I was going to finish the blog post there but then James challenged me to decode repeating XOR encryption. Using the absolutely excellent cryptography site Practical cryptography I learned all about XOR and frequency analysis. The first step is to determine the key length. You can do this using frequency analysis for each key candidate, I used 30 as the maximum key length guesses. I stored each character in a frequency table and incremented them each time they occur in the ciphertext. When you have all the frequencies you can then you can then calculate the index of coincidence (or hamming distance) for each of the columns and frequencies. Once you have the index of coincidence for each key candidate I then got the top 7 and normalized the IC by dividing by the key length candidate then sorted the top 7 by the IC and returned the top one as the guessed key.

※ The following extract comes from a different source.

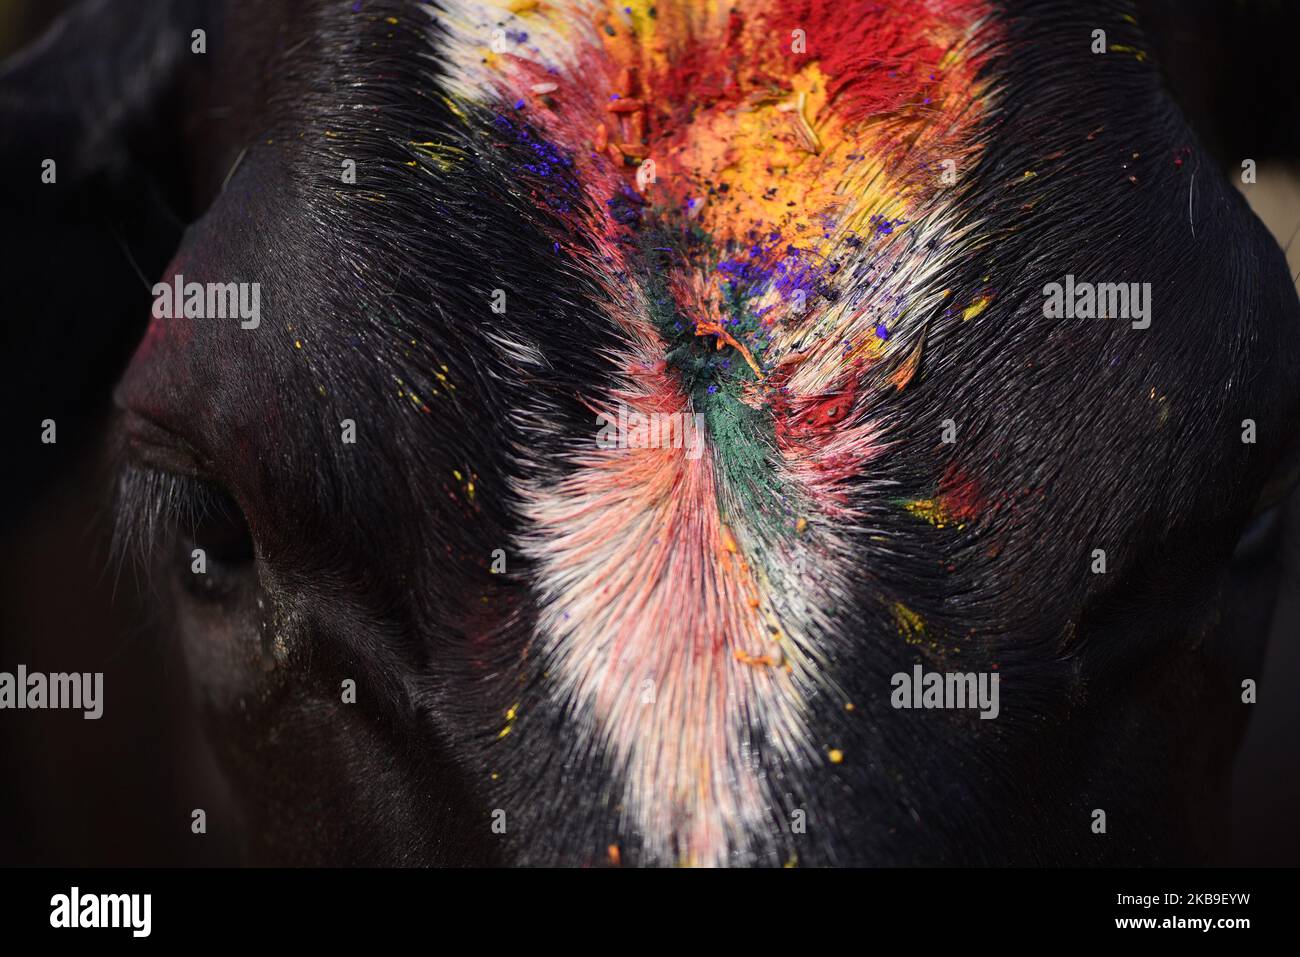 A close up view of patterns of colors in head of a cow during Tihar or Deepawali and Diwali celebrations at Kathmandu, Nepal on Monday, October 28, 2019. Tihar is a hindu festival celebrated in Nepal for 5 days. Cows are considered to be the incarnation of the Hindu god of wealth, Lord Laxmi. Nepalese devotees decorate the cows with marigold flower garlands and colored powders and offer the cows fresh fruits and vegetables. (Photo by Narayan Maharjan/NurPhoto) Stock Photo

I spent a lot of time to try and improve the accuracy of the key guess and rewrote the code a lot of times. The trusted signal blog stated you can improve the accuracy of determining the key length by using the greatest common denominator between the top 5-6 candidates but in my tests I couldn't improve the accuracy. Anyway once you have the key length you simply loop through the ciphertext and each character and xor it and assign it a score based on the character result. I based most of the code on a cool python utility by Alexey Hellman.
Finally I reused my is_like_english function to determine the score of the text if the conversion has been successful or not. This was working for small pieces of text but failed with larger ones and this is because the more text you have the lower ngram score you get, so I changed the fixed value to a percentage of difference between the average and this works regardless of the ciphertext length. For very small pieces of ciphertext the XOR decryption will fail, I think this because there isn't enough ciphertext to perform frequency analysis to correctly determine the key length and score for each character decrypted. If you think of a way to improve this then please submit a pull request.
To demonstrate the auto decoding I've done an XOR with a key and then hex encoded it. When you enter the input into the input box watch as Hackvertor will auto decode the hex, guess the key length and then decrypt the XOR encryption automatically and even provide you with the correct tags to reproduce the encoding.
Repeated XOR is genuinely used from time to time, so hopefully this feature will help prevent some applications from getting away with looks-legit encryption.